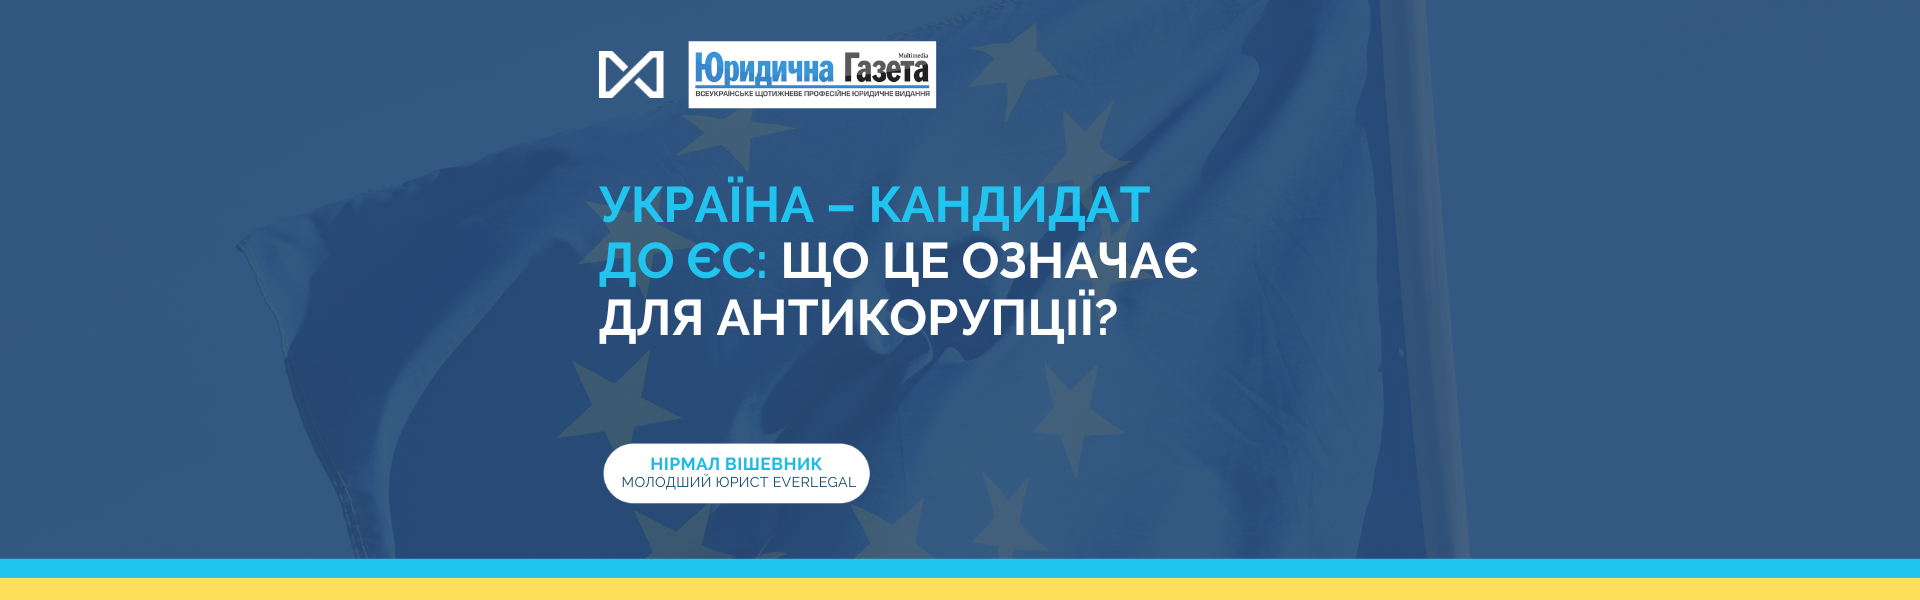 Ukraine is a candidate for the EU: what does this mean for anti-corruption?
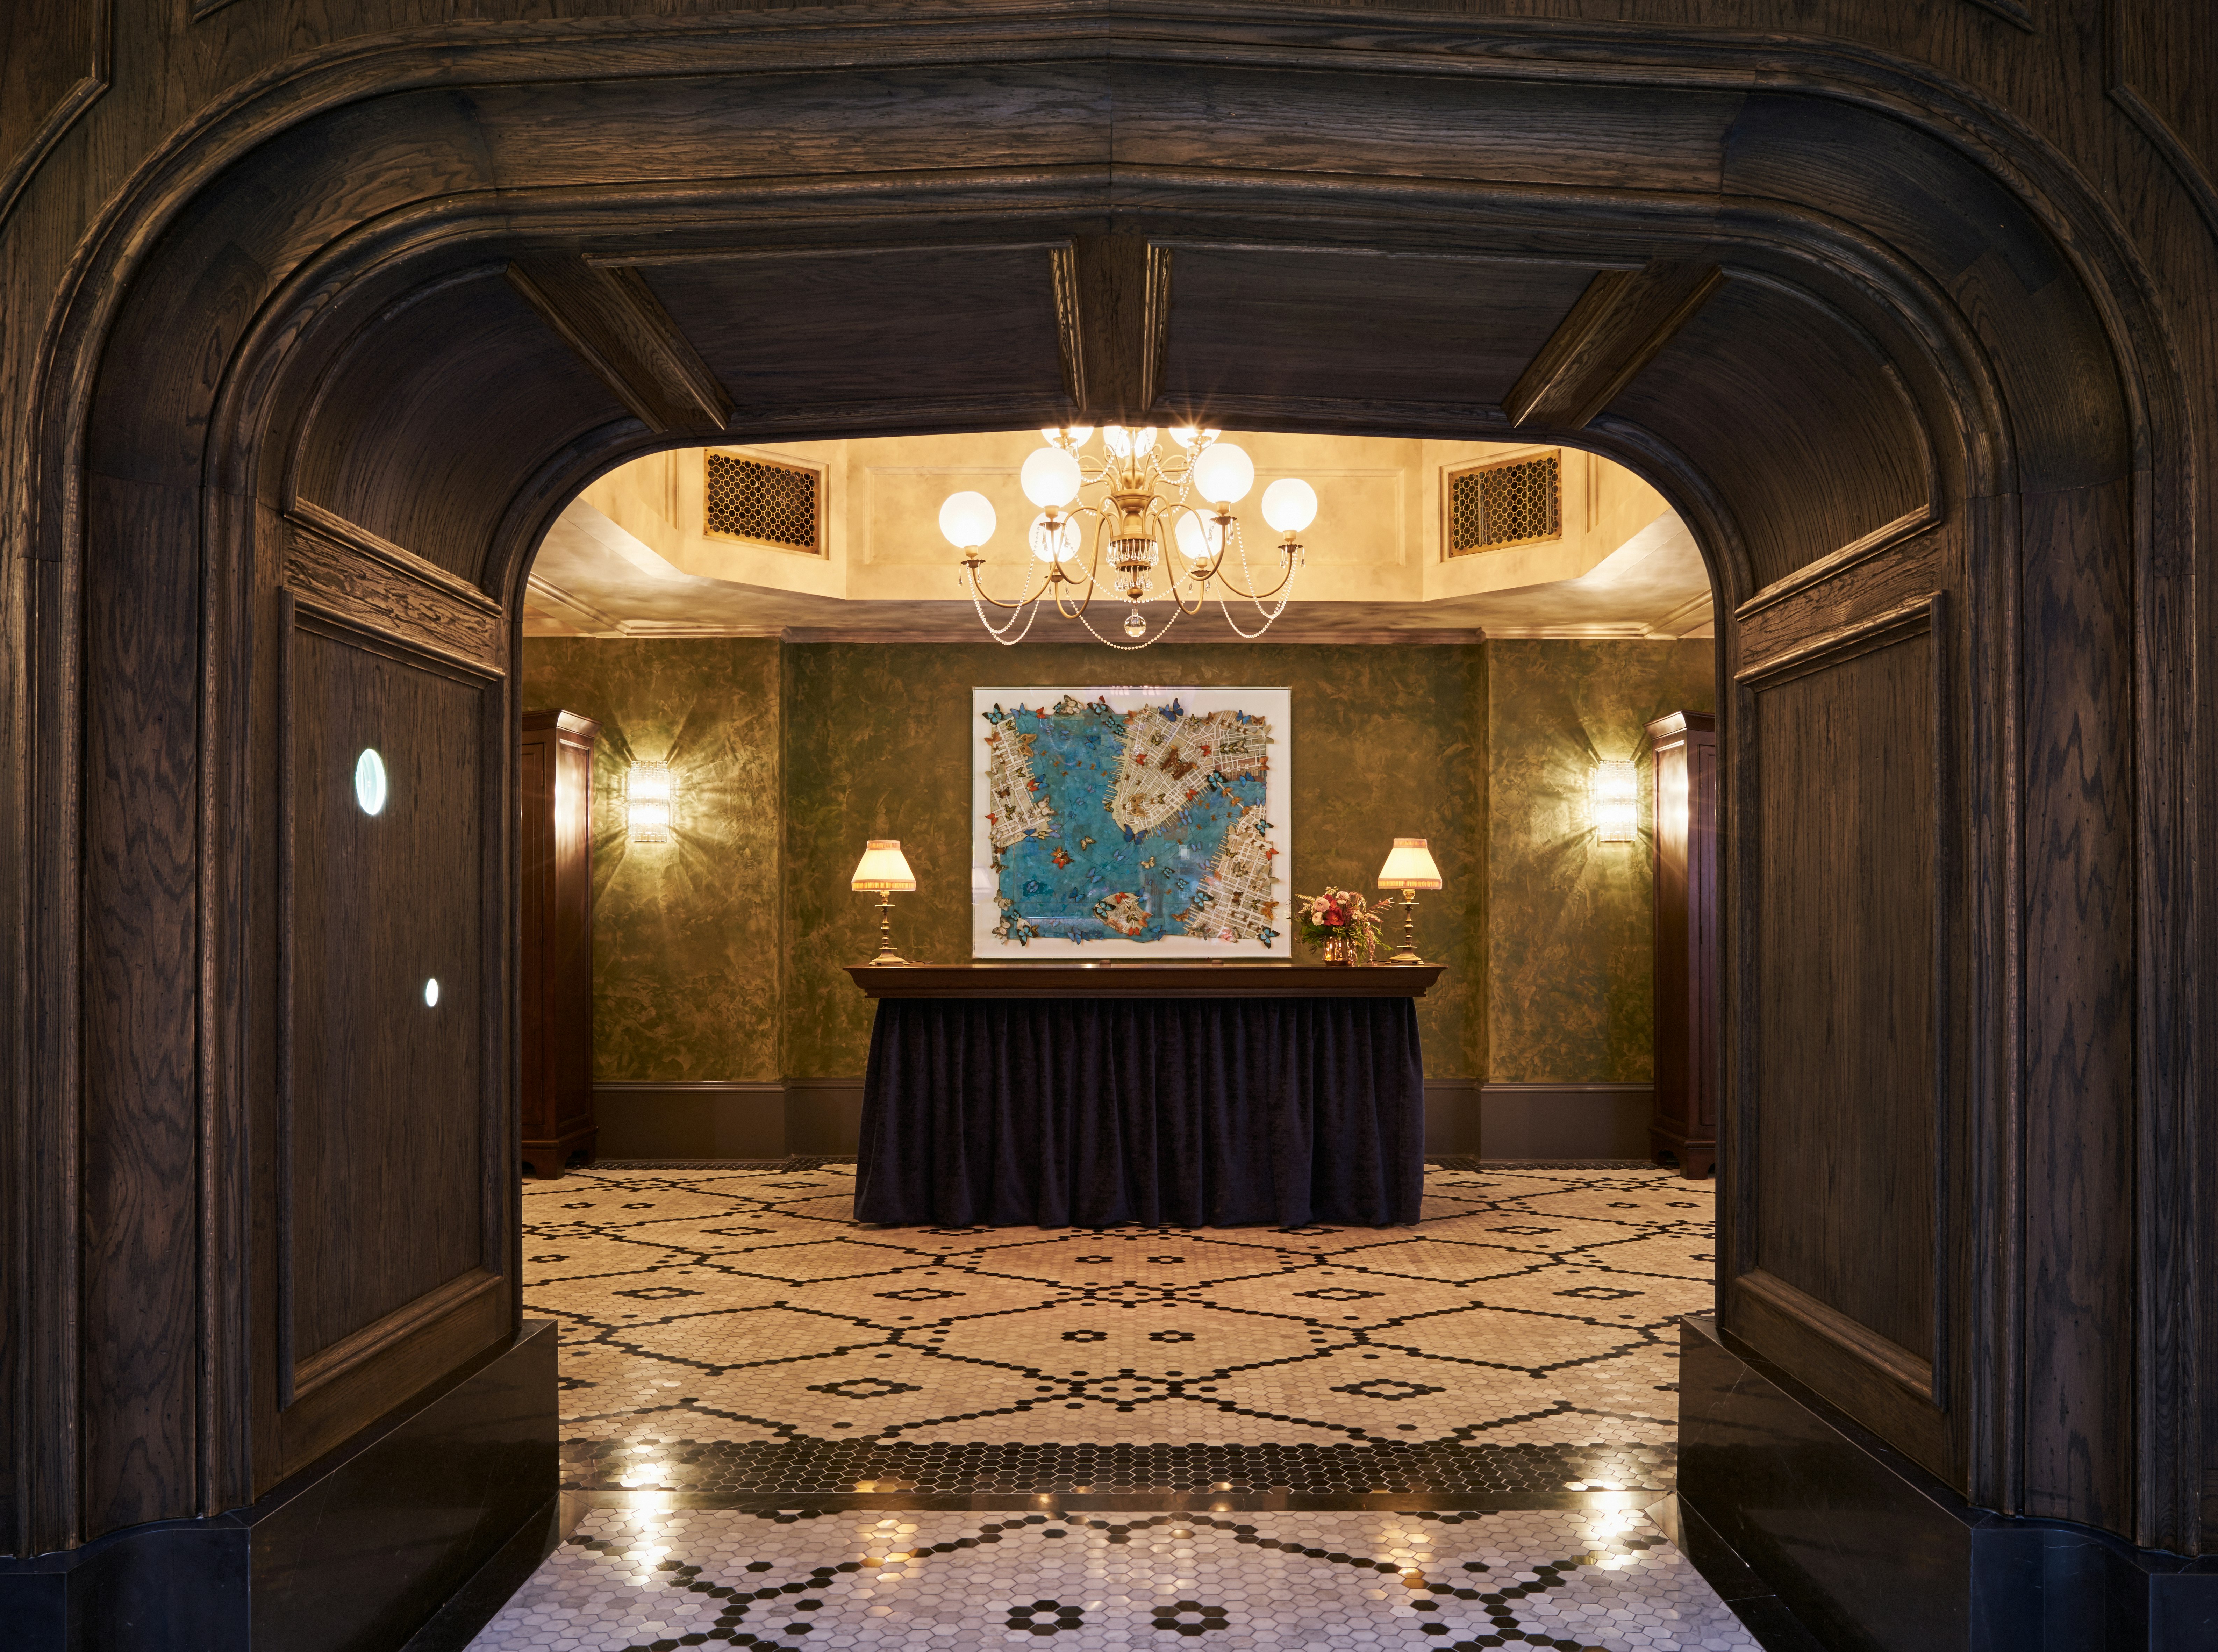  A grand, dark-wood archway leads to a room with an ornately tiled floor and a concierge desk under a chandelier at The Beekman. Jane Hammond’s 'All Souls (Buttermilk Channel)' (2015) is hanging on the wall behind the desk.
==
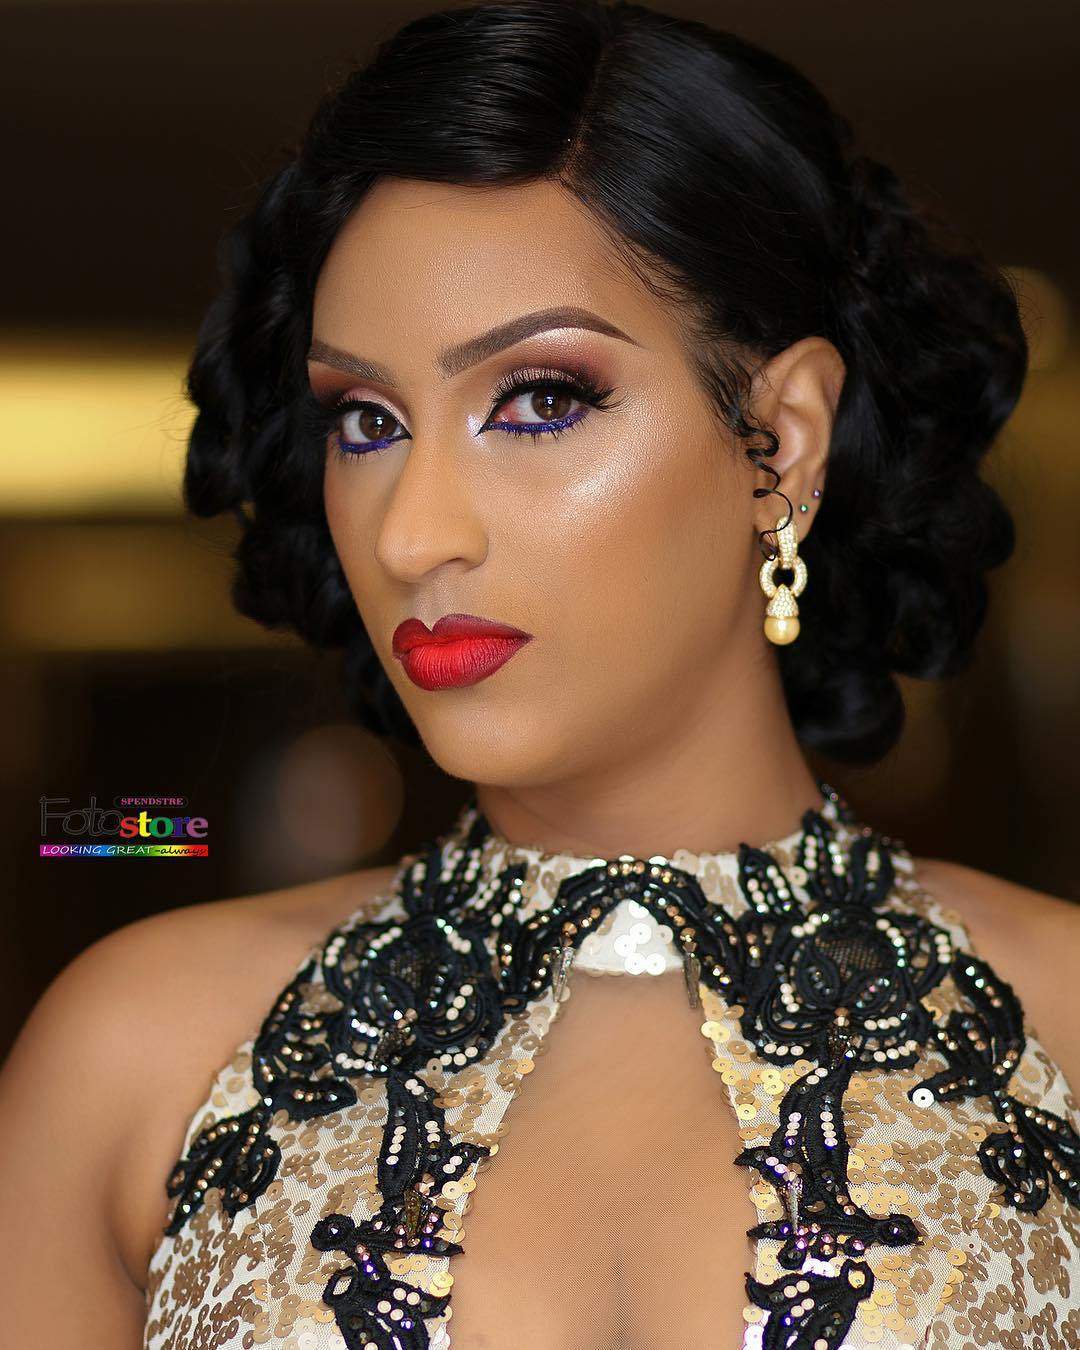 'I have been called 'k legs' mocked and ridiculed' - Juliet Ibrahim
...
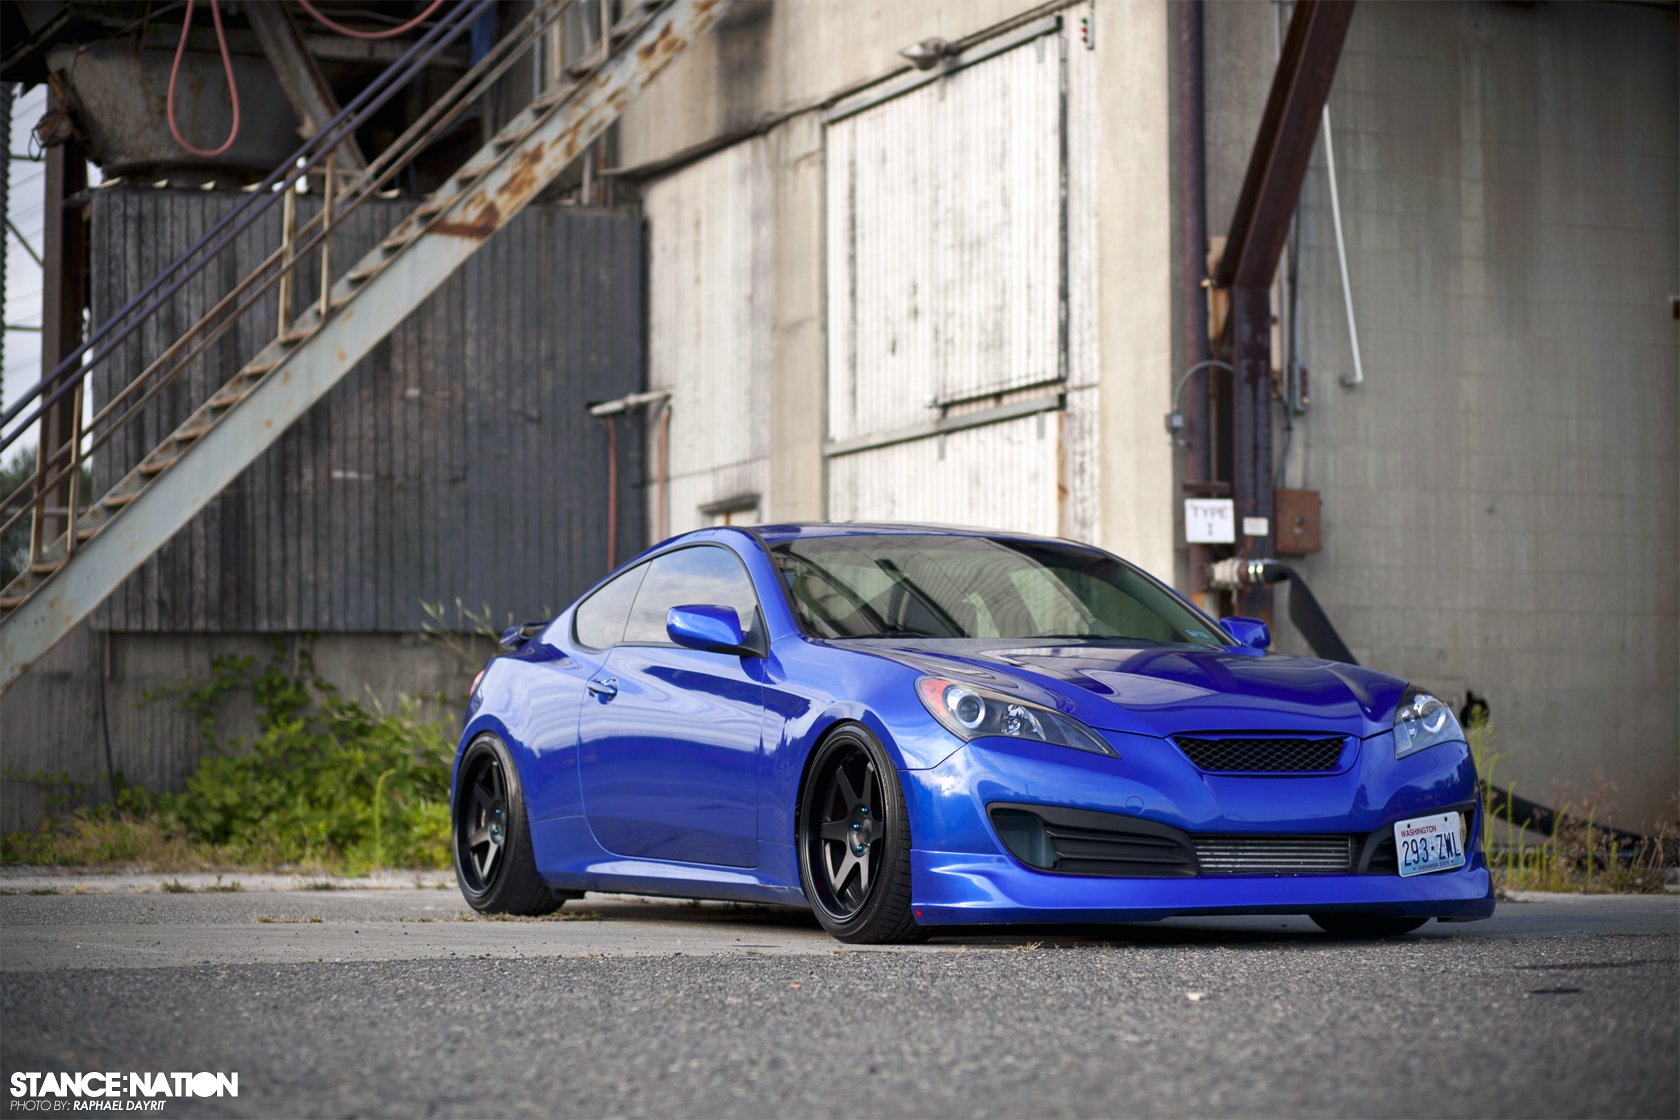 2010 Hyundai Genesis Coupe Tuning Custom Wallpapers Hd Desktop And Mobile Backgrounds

▶ [EXERCISE OBJECTIVE]: The answer must be the part of the records that opens with the line containing "Ukraine is a" and closes with the line containing "A grand, dark-wood", reproduced exactly, with no pictures.

▶ [TASK SOLUTION]:
 Ukraine is a candidate for the EU: what does this mean for anti-corruption?
  A grand, dark-wood archway leads to a room with an ornately tiled floor and a concierge desk under a chandelier at The Beekman. Jane Hammond’s 'All Souls (Buttermilk Channel)' (2015) is hanging on the wall behind the desk.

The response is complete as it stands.